I am wondering that meaning of "RCU_HOTPLUG". Is it expected because
cpu hotplug is enabled in the test? Or just represents another type of
failure?

Thanks,
Su



^ permalink raw reply	[flat|nested] 6+ messages in thread

* Re: rcutorture: meaning of "End of test: RCU_HOTPLUG"
  2019-01-22  3:40 rcutorture: meaning of "End of test: RCU_HOTPLUG" Su Yue
@ 2019-01-22  4:01 ` Paul E. McKenney
  2019-01-22  8:42   ` Su Yue
  0 siblings, 1 reply; 6+ messages in thread
From: Paul E. McKenney @ 2019-01-22  4:01 UTC (permalink / raw)
  To: Su Yue
  Cc: linux-kernel, josh, rostedt, mathieu.desnoyers, jiangshanlai, Li,
	Philip, lkp-developer

On Tue, Jan 22, 2019 at 11:40:53AM +0800, Su Yue wrote:
> Hi, guys
>   While running rcutorture tests with "onoff_interval", some tests
> failed and results show like:
> 
> =====================================================================
> [  316.354501] srcud-torture:--- End of test: RCU_HOTPLUG:
> nreaders=1 nfakewriters=4 stat_interval=60 verbose=2
> test_no_idle_hz=1 shuffle_interval=3 stutter=5 irqreader=1 fq\
> s_duration=0 fqs_holdoff=0 fqs_stutter=3 test_boost=1/0
> test_boost_interval=7 test_boost_duration=4 shutdown_secs=0
> stall_cpu=0 stall_cpu_holdoff=10 stall_cpu_irqsoff=0 n_ba\
> rrier_cbs=0 onoff_interval=3 onoff_holdoff=0
> ====================================================================
> 
> I am wondering that meaning of "RCU_HOTPLUG". Is it expected because
> cpu hotplug is enabled in the test? Or just represents another type of
> failure?

This says that at least one CPU hotplug operation failed, that is,
the CPU didn't actually come online or go offline as requested.  If you
are introducing CPU hotplug to an architecture, this usually indicates
that you have bugs in your CPU-hotplug code.  Or it nmight be that
RCU grace periods failed to progress -- though this would normally
also result in RCU CPU stall warnings.

There should be lines containing "ver:" in your console output.  What
does one of the later one of these say?

							Thanx, Paul


^ permalink raw reply	[flat|nested] 6+ messages in thread

* Re: rcutorture: meaning of "End of test: RCU_HOTPLUG"
  2019-01-22  4:01 ` Paul E. McKenney
@ 2019-01-22  8:42   ` Su Yue
  2019-01-23  3:22     ` Paul E. McKenney
  0 siblings, 1 reply; 6+ messages in thread
From: Su Yue @ 2019-01-22  8:42 UTC (permalink / raw)
  To: paulmck
  Cc: linux-kernel, josh, rostedt, mathieu.desnoyers, jiangshanlai, Li,
	Philip, lkp-developer

Thanks for your quick reply!
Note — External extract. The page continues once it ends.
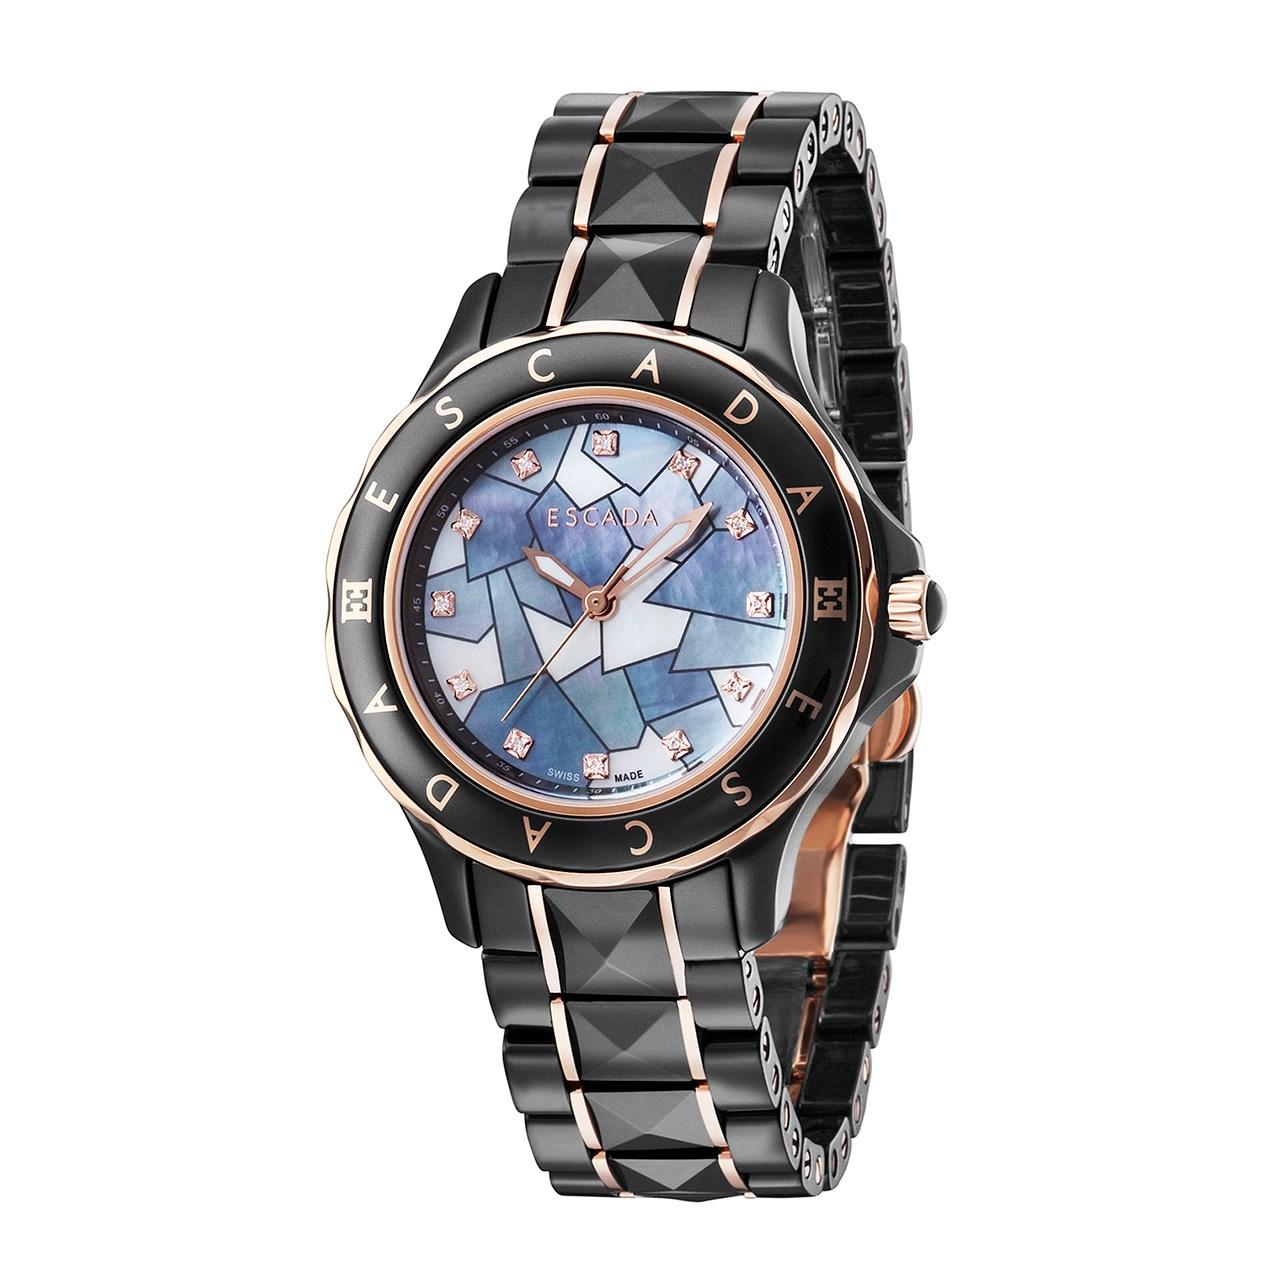 خرید ساعت مچی عقربه ای زنانه اسکادا مدل EW4165083

Paul

On 1/22/19 12:01 PM, Paul E. McKenney wrote:
> On Tue, Jan 22, 2019 at 11:40:53AM +0800, Su Yue wrote:
>> Hi, guys
>>    While running rcutorture tests with "onoff_interval", some tests
>> failed and results show like:
>>
>> =====================================================================
>> [  316.354501] srcud-torture:--- End of test: RCU_HOTPLUG:
>> nreaders=1 nfakewriters=4 stat_interval=60 verbose=2
>> test_no_idle_hz=1 shuffle_interval=3 stutter=5 irqreader=1 fq\
>> s_duration=0 fqs_holdoff=0 fqs_stutter=3 test_boost=1/0
>> test_boost_interval=7 test_boost_duration=4 shutdown_secs=0
>> stall_cpu=0 stall_cpu_holdoff=10 stall_cpu_irqsoff=0 n_ba\
>> rrier_cbs=0 onoff_interval=3 onoff_holdoff=0
>> ====================================================================
>>
>> I am wondering that meaning of "RCU_HOTPLUG". Is it expected because
>> cpu hotplug is enabled in the test? Or just represents another type of
>> failure?
> 
> This says that at least one CPU hotplug operation failed, that is,
> the CPU didn't actually come online or go offline as requested.  If you
> are introducing CPU hotplug to an architecture, this usually indicates
> that you have bugs in your CPU-hotplug code.  Or it nmight be that

It should hit the case since there is no RCU CPU stall warnings.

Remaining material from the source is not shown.